WORK TO BE COMPLETED: Copy each line of the listing below exactly and drop the images.

EXERCISE DATA:
####
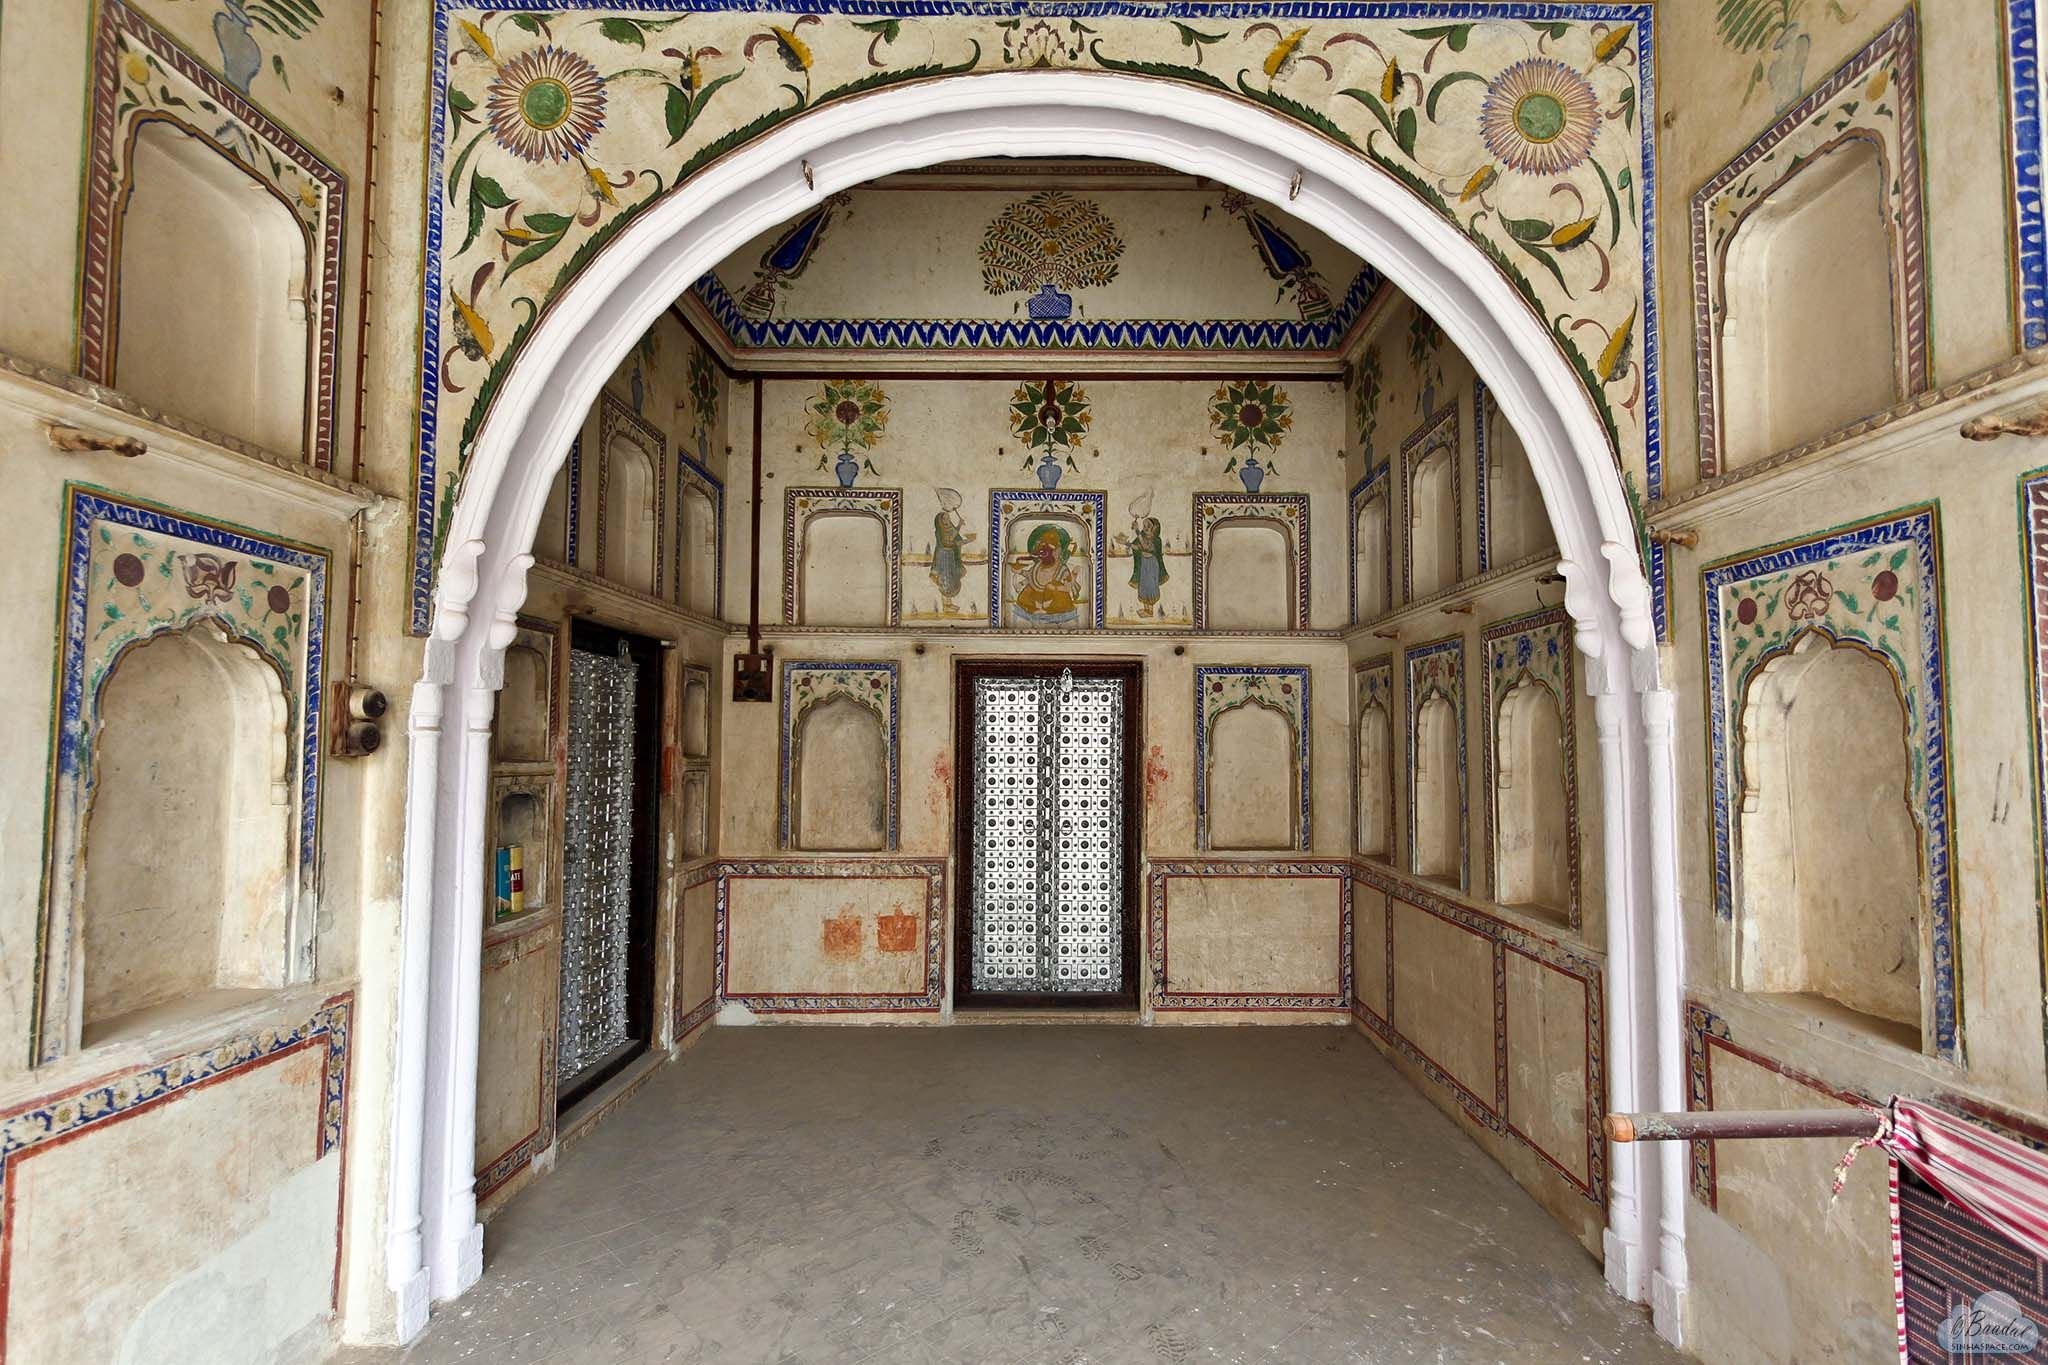 Access corridor to the rooms of Modi Haveli, Jhunjhunu
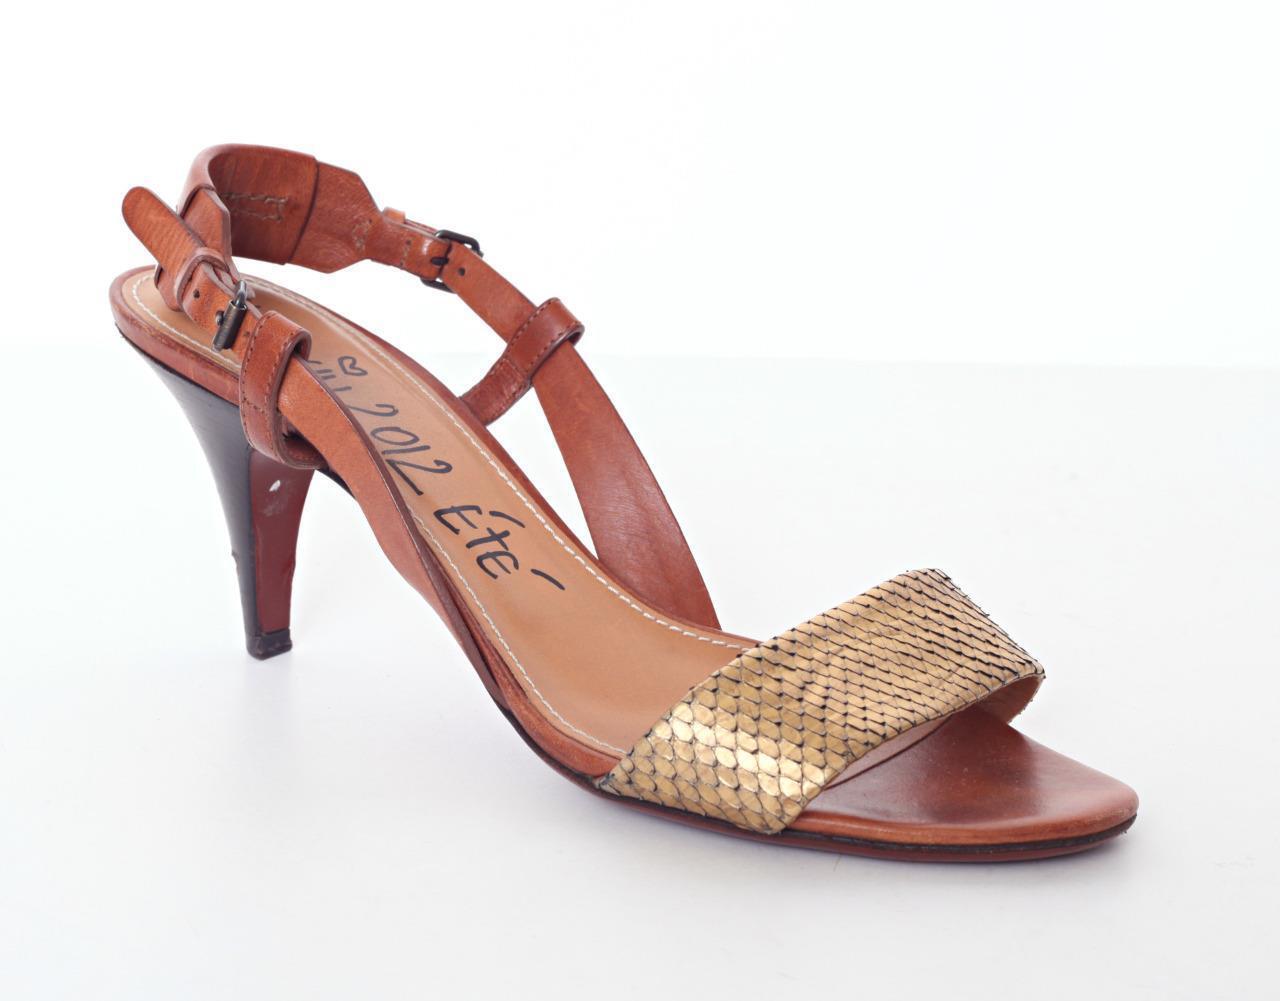 LANVIN Tan & Gold Snake Print Leather High Heel Slingback Sandal Pump 10-40
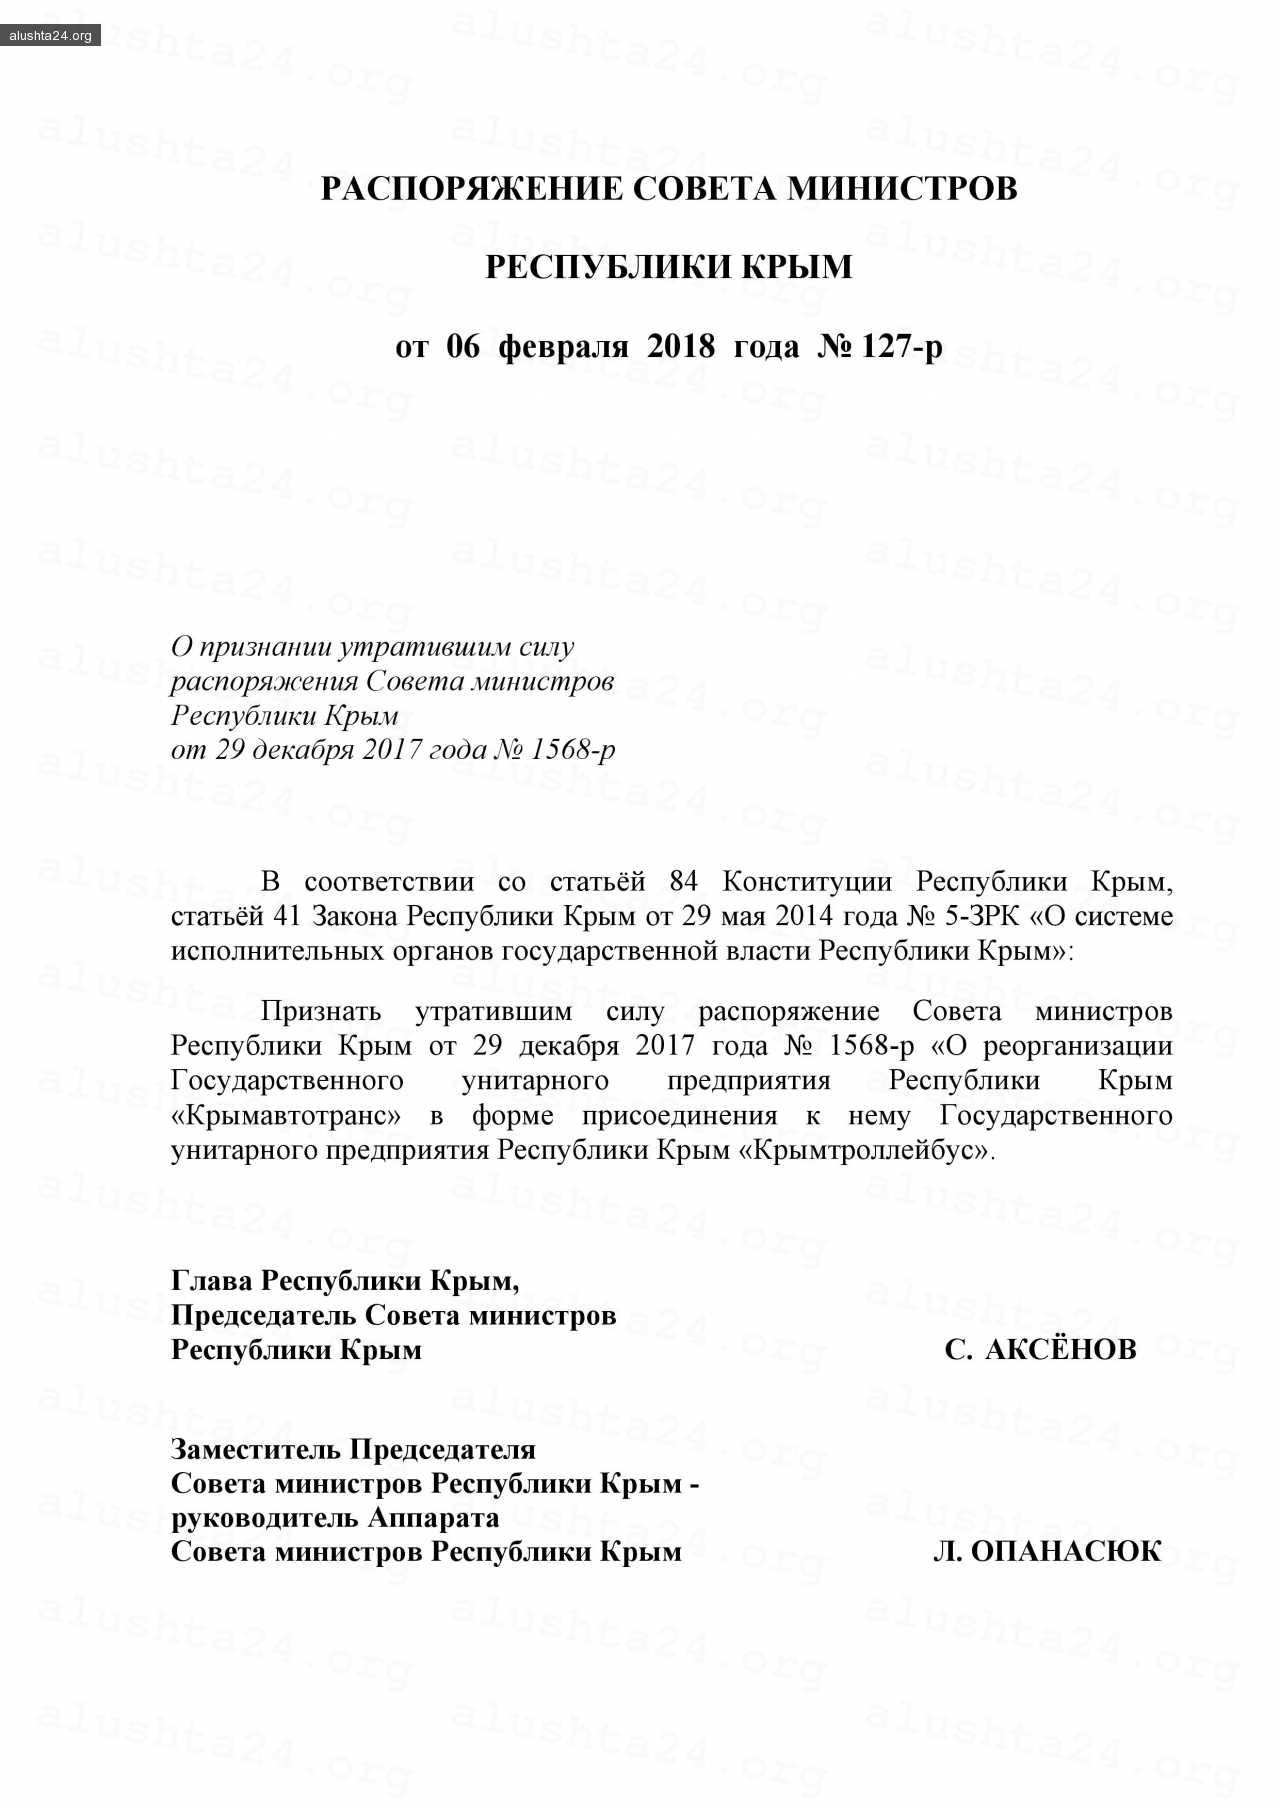 Все об Алуште: Аксенов пояснил отказ от реорганизации Крымтроллейбуса
####
SOLUTION TO THIS EXERCISE:
 Access corridor to the rooms of Modi Haveli, Jhunjhunu
 LANVIN Tan & Gold Snake Print Leather High Heel Slingback Sandal Pump 10-40
 Все об Алуште: Аксенов пояснил отказ от реорганизации Крымтроллейбуса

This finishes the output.